Well, it was probably less that a week ago I was deriding the whole MIAD thing. Not the first time. It was also about a week ago I was talking about how I loved my long sweater and leggings. I think I even said that when I was younger I would have worn it for a dress. Over the weekend GF and I were at a restaurant we go to frequently where she knows the manager who often stops by to talk to us. I was still wearing nail polish but was not carrying a purse. She's seen me with nail polish before. I was wearing my long sweater. She says, "I like the dress!" I said, no, it's just a long sweater. She says, "Oh, Okay, I still like it!" and we go on to other subjects. I do feel my face getting red, though. GF and I didn't say anything else about it.

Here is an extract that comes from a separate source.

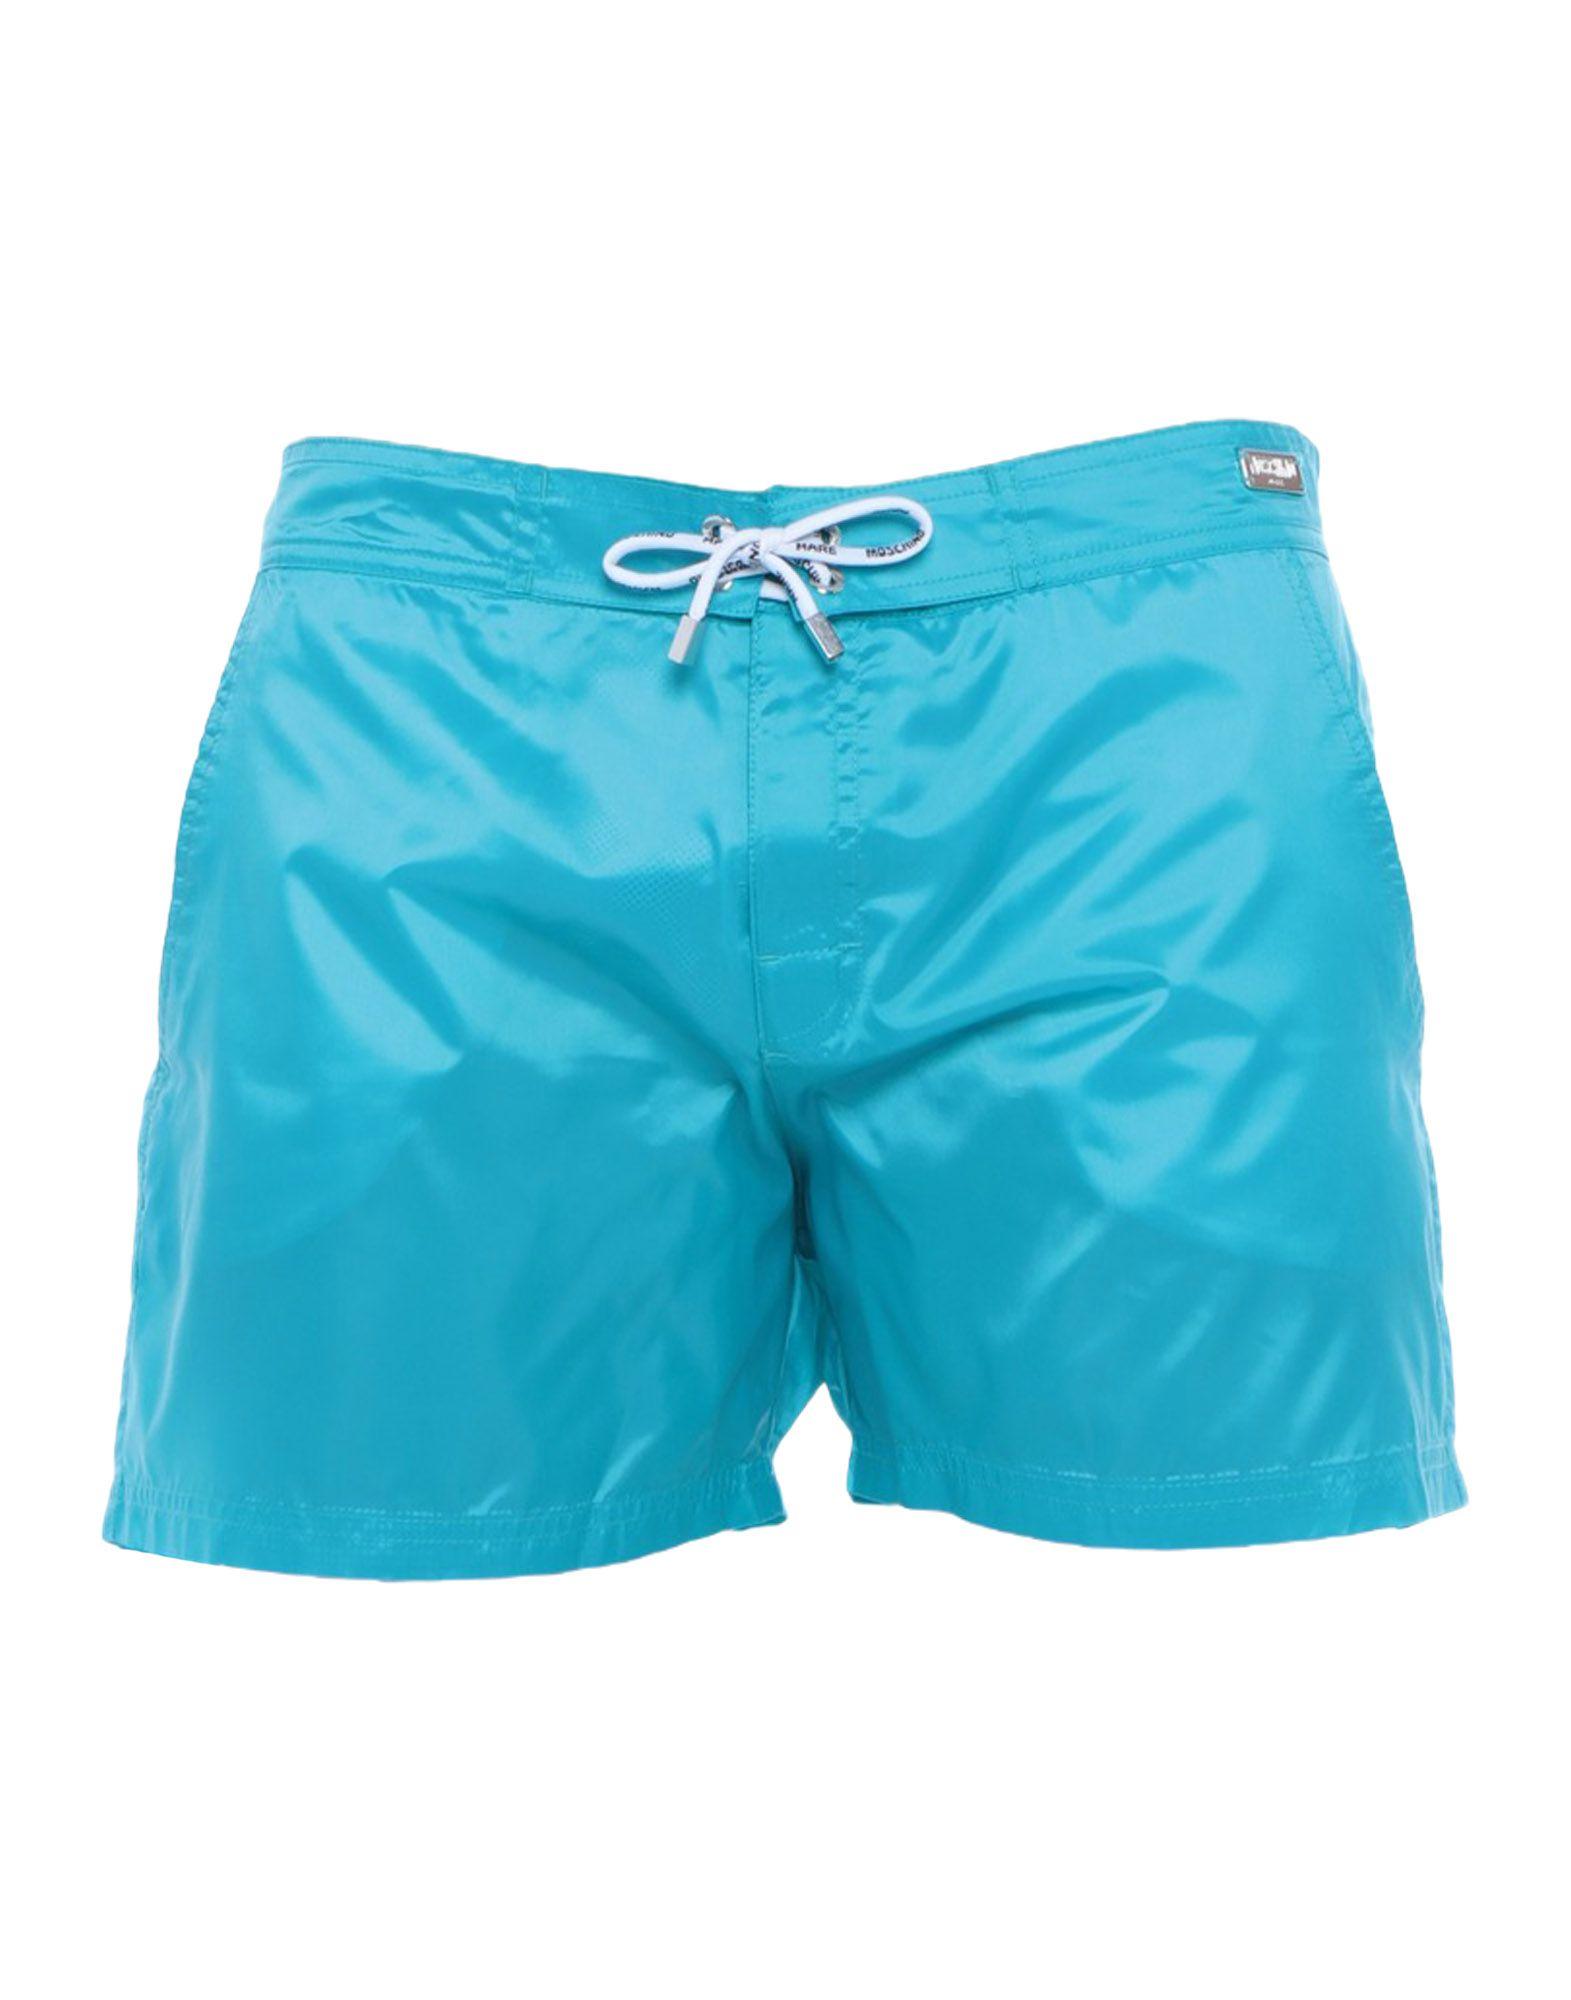 《セール開催中》MOSCHINO メンズ 水着(ボクサーパンツ) ターコイズブルー 52 ナイロン 100%

It did make me start wondering if it is a dress. It's a woman's sweater. More of a cowl neck than a turtleneck. It's long enough that I sit on it. So, this afternoon we're heading out to run some errands and I put on my sweater again, but this time I ask her if she thinks it's really a dress, and she said it definitely is. I ask her why she didn't tell me, she says she thought I knew. I really didn't know. I bought it at a thrift store and it was hanging with the women's sweaters and I just assumed it was a long sweater, and I thought it looked great with leggings. This time when I put it on it seemed obvious that it was a dress. Amazing how my perception shifted on it. I did not wear it. I may not ever wear it again, at least not in male mode. All that because now in my mind it's a dress instead of a sweater. It is silly! The only thing that changed was the name of it and now I won't wear it. Also, I feel kind of stupid. You'd think I'd know better. In my defense, though, I have other tops that are just as long, and they're not dresses (Are they? Now I'm wondering!). I thought about it when I bought it, and it seemed too short for a dress. I guess, too, since I always wore it with leggings it didn't seem so much like a dress.
Anyway, kind of funny. The power of a name! Call it a sweater and I love it. Call it a dress and I won't wear it (in male mode).